The Irwins followed, the couples speaking in harsh tones as they exited. Helen hurried after them trying to calm them down.
The fact that the couples had bolted suggested they suspected something shady about the Ellingtons and The Gateway House.
But they weren’t talking.
Amelia twisted her hands together, antsy to know more about the couple who hadn’t shown. She glanced through the door and saw Helen talking in low voices to the couples, so she tiptoed around to Helen’s desk and checked her computer.
The other couple’s name was Bayler. She scribbled their address on a sticky note, then jammed it in her pocket, and waited until Helen wasn’t looking and snuck out.
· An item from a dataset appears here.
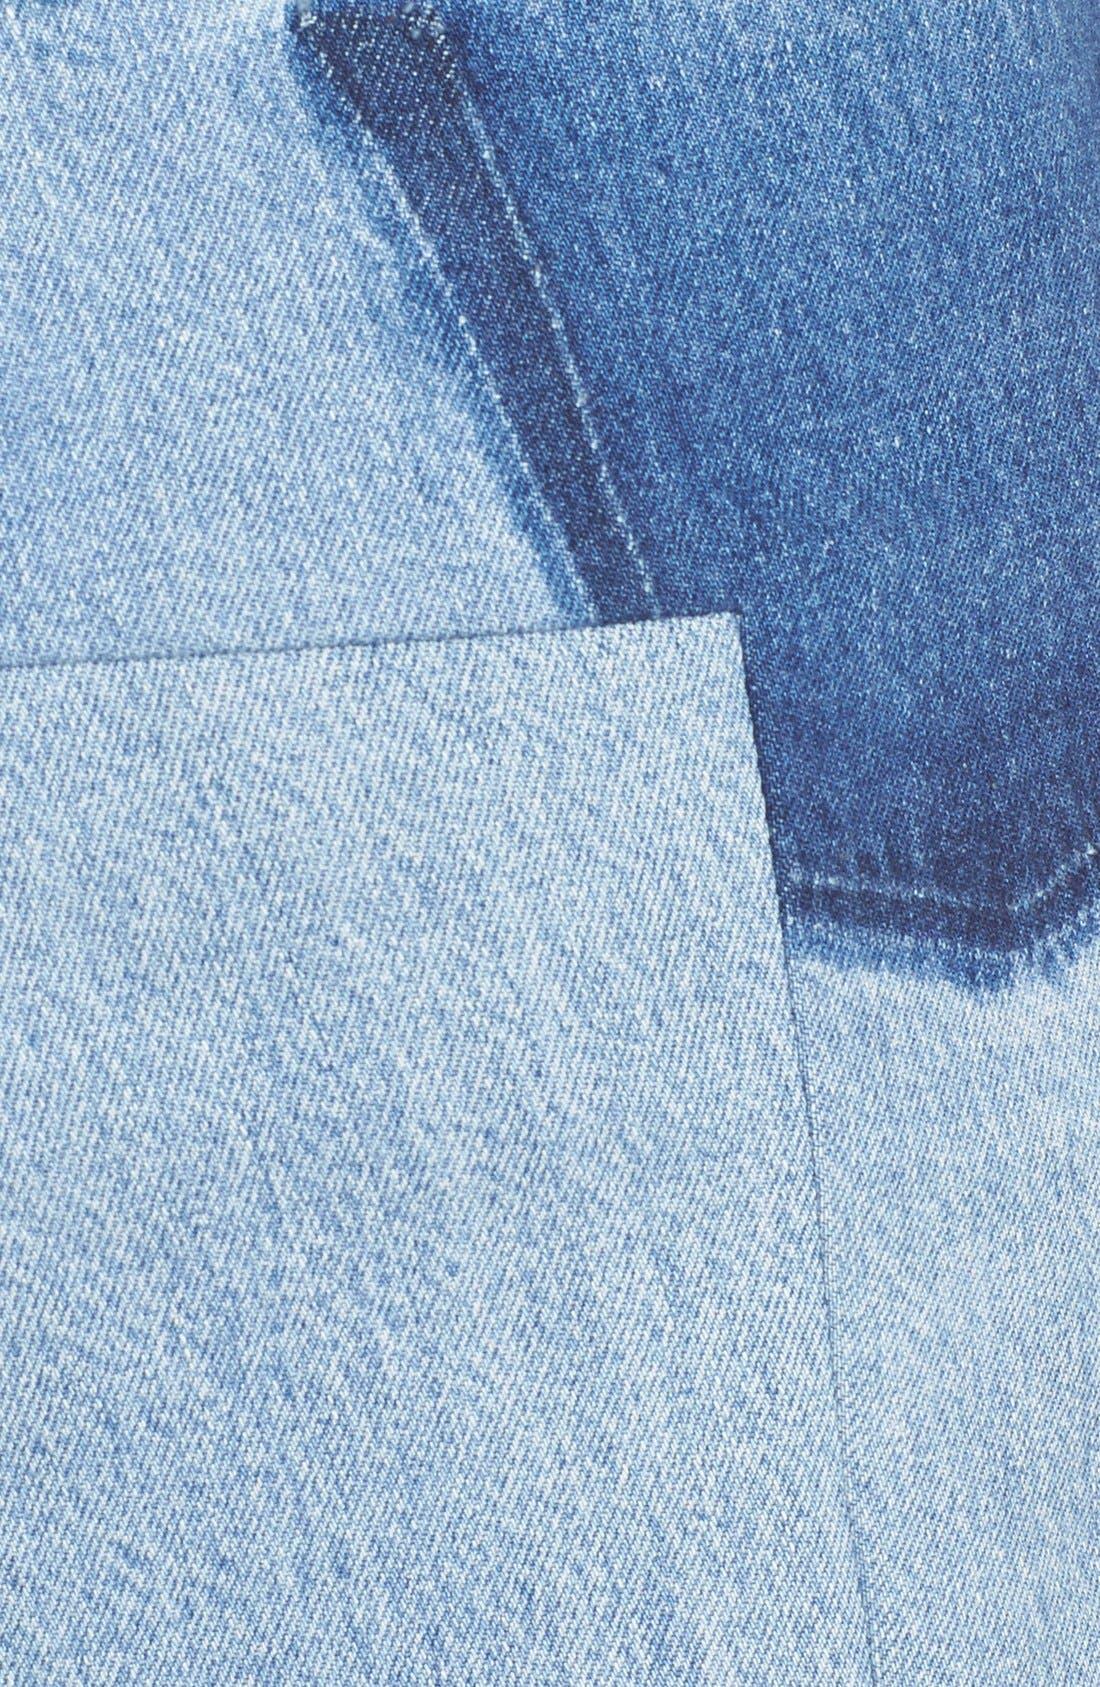 Alternate Image 3  - Vetements Denim Mini Skirt
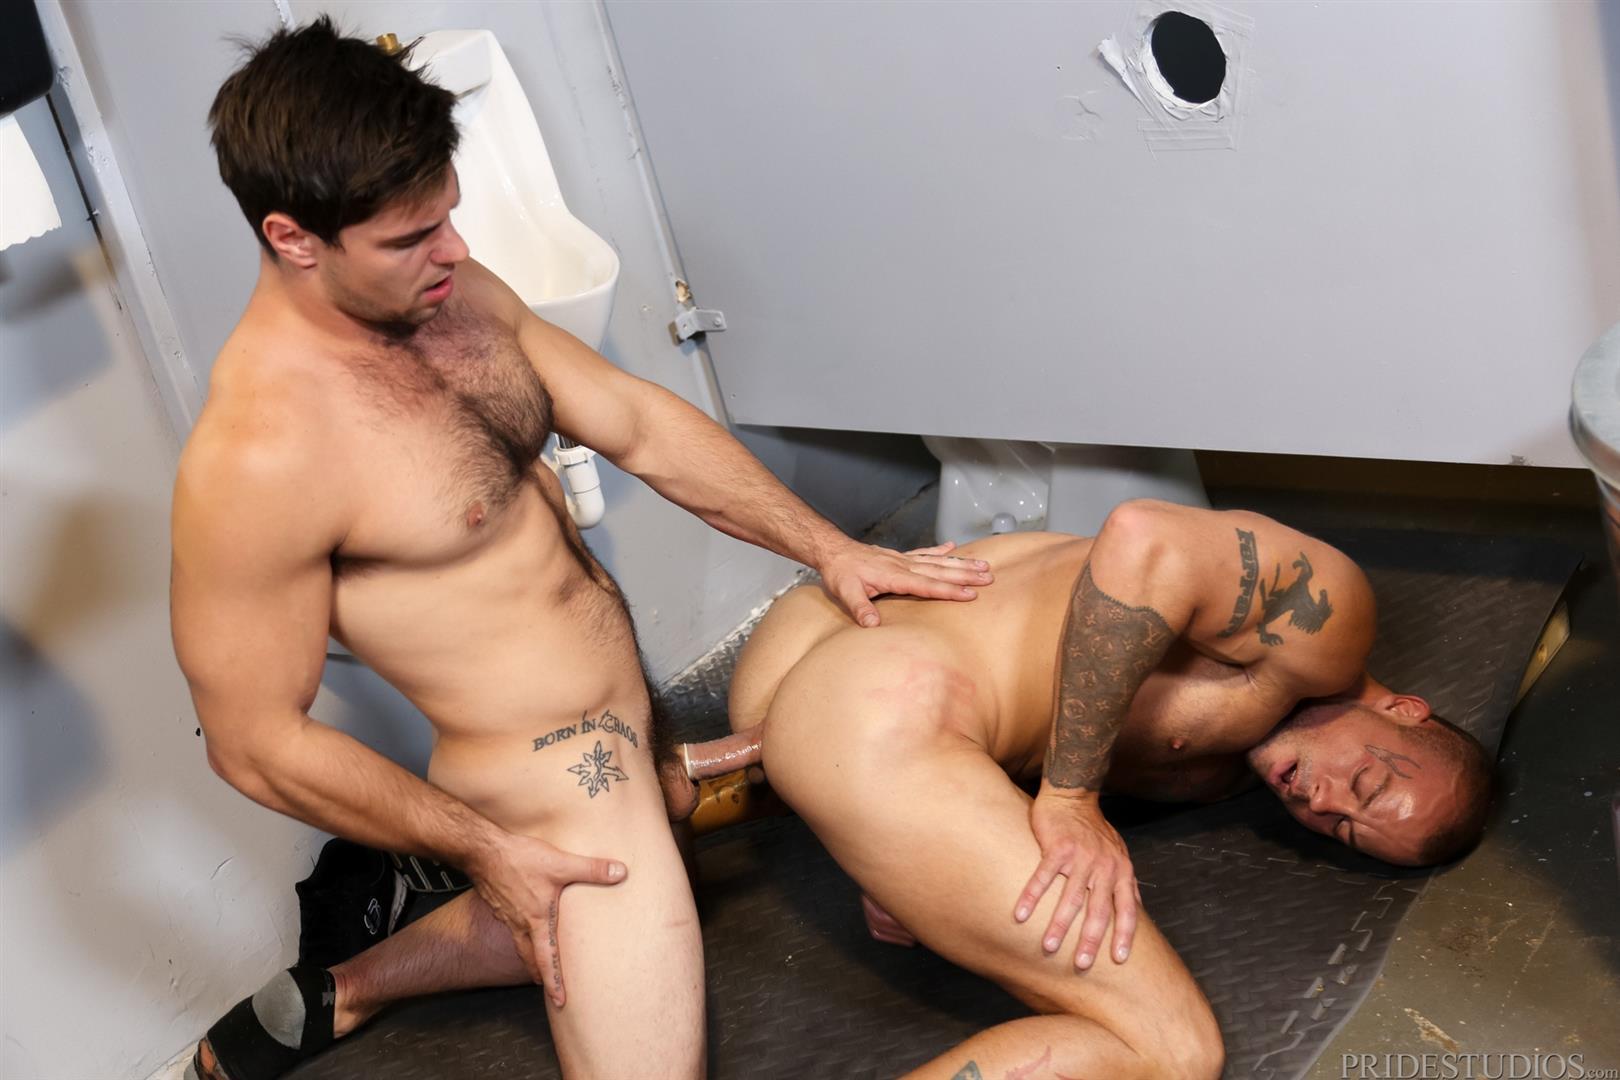 Extra-Big-Dicks-Sean-Duran-Fucking-Through-A-Glory-Hole-Amateur-Gay-Porn-13 Getting Fucked By A Big Fat Cock Through a Glory Hole

She’d talk to this other couple herself.
They hadn’t shown for a reason, and she wanted to know what it was.
John’s fingers tightened around his phone as he left the lab. He hoped to hell the tech could isolate an image and give him a description of the man who’d abducted Danny.
“We’ve got another bomb,” Agent Nick Blackwood said over the line.
Good God. Another kidnapping, and now another bomb? “Where?”
“A social-work conference in Nashville.”
Jesus. He’d missed the news this morning. “Number dead?”
“Thirteen, but it could have been more.”
“This group is escalating. Tell me about the bomb.”
“Another suicide bomber, boy, age twelve.”
“Twelve. God.”
“These have got to be connected,” Nick said. “Since the bombers all came from different areas, we’re searching their computers to see if they connected online.”
“Good point,” John said.
“Could be these are practice, test rounds, and the group is gearing up for something bigger.”
John scrubbed his hand over the back of his neck. “Did you locate the group Roper pointed you to?”